# Data

*-*-*

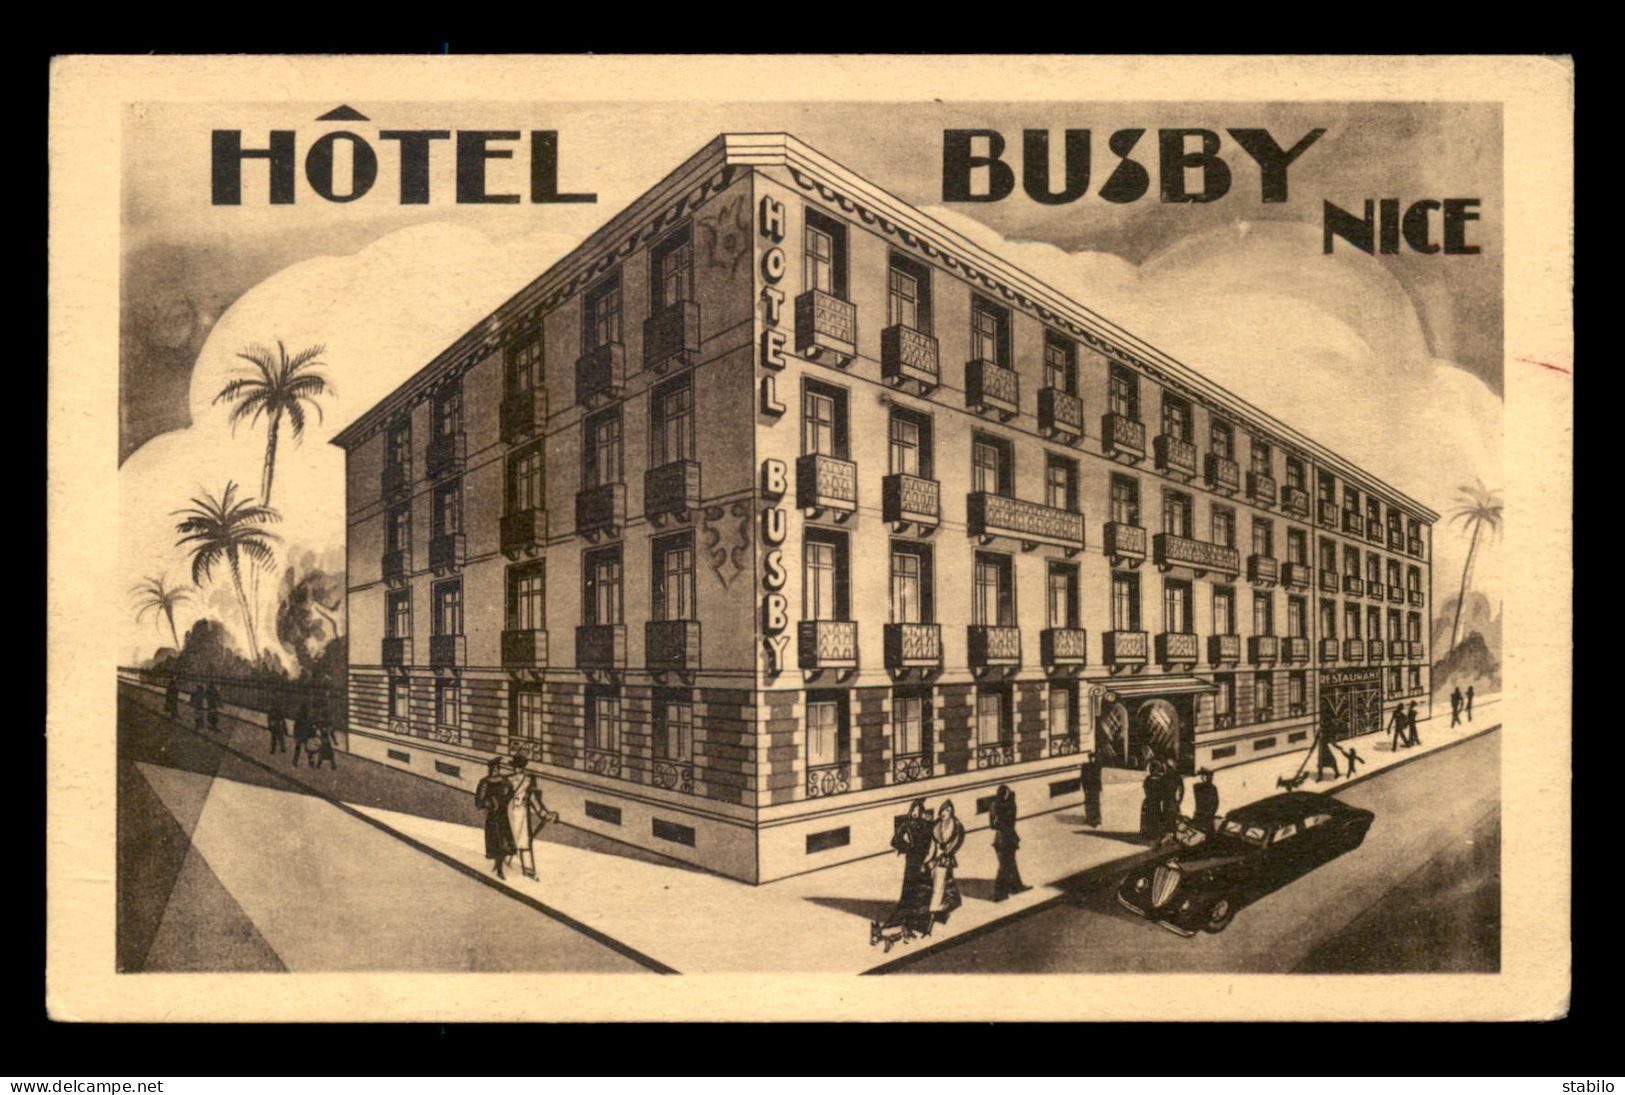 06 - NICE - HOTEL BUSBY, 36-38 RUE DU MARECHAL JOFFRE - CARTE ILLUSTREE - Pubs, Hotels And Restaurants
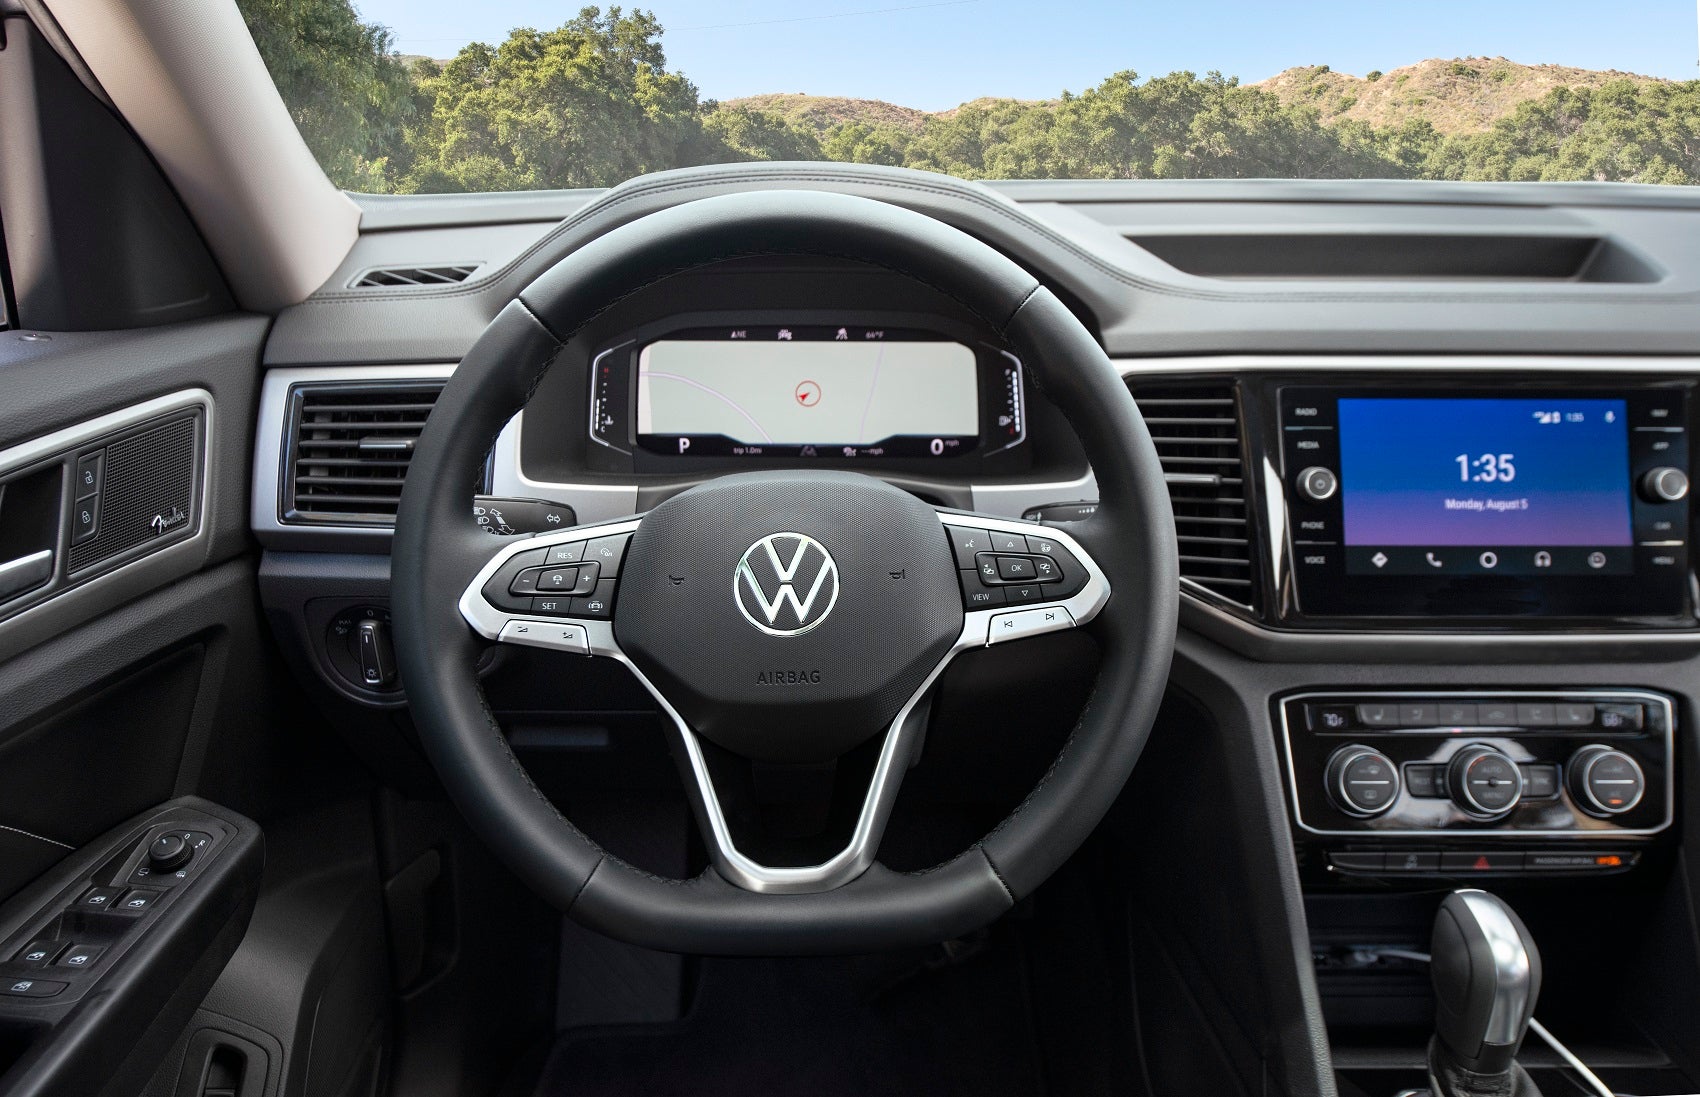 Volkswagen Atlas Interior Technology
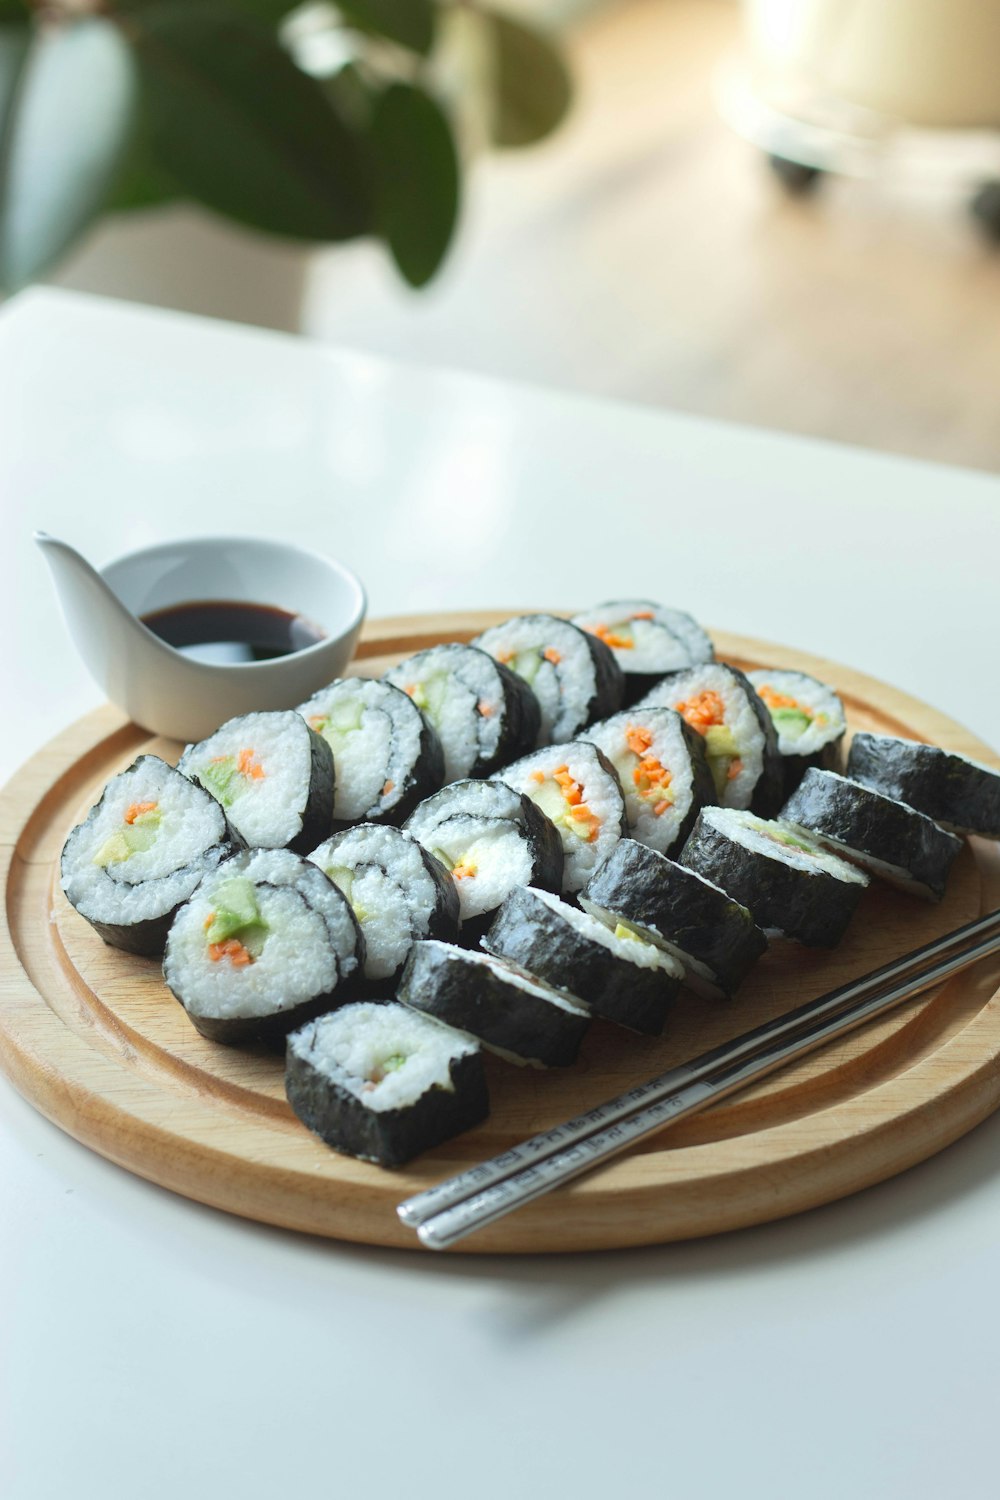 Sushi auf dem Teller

*-*-*

Copy out every line of the material above exactly, skipping the pictures.

# Exercise response
 06 - NICE - HOTEL BUSBY, 36-38 RUE DU MARECHAL JOFFRE - CARTE ILLUSTREE - Pubs, Hotels And Restaurants
 Volkswagen Atlas Interior Technology
 Sushi auf dem Teller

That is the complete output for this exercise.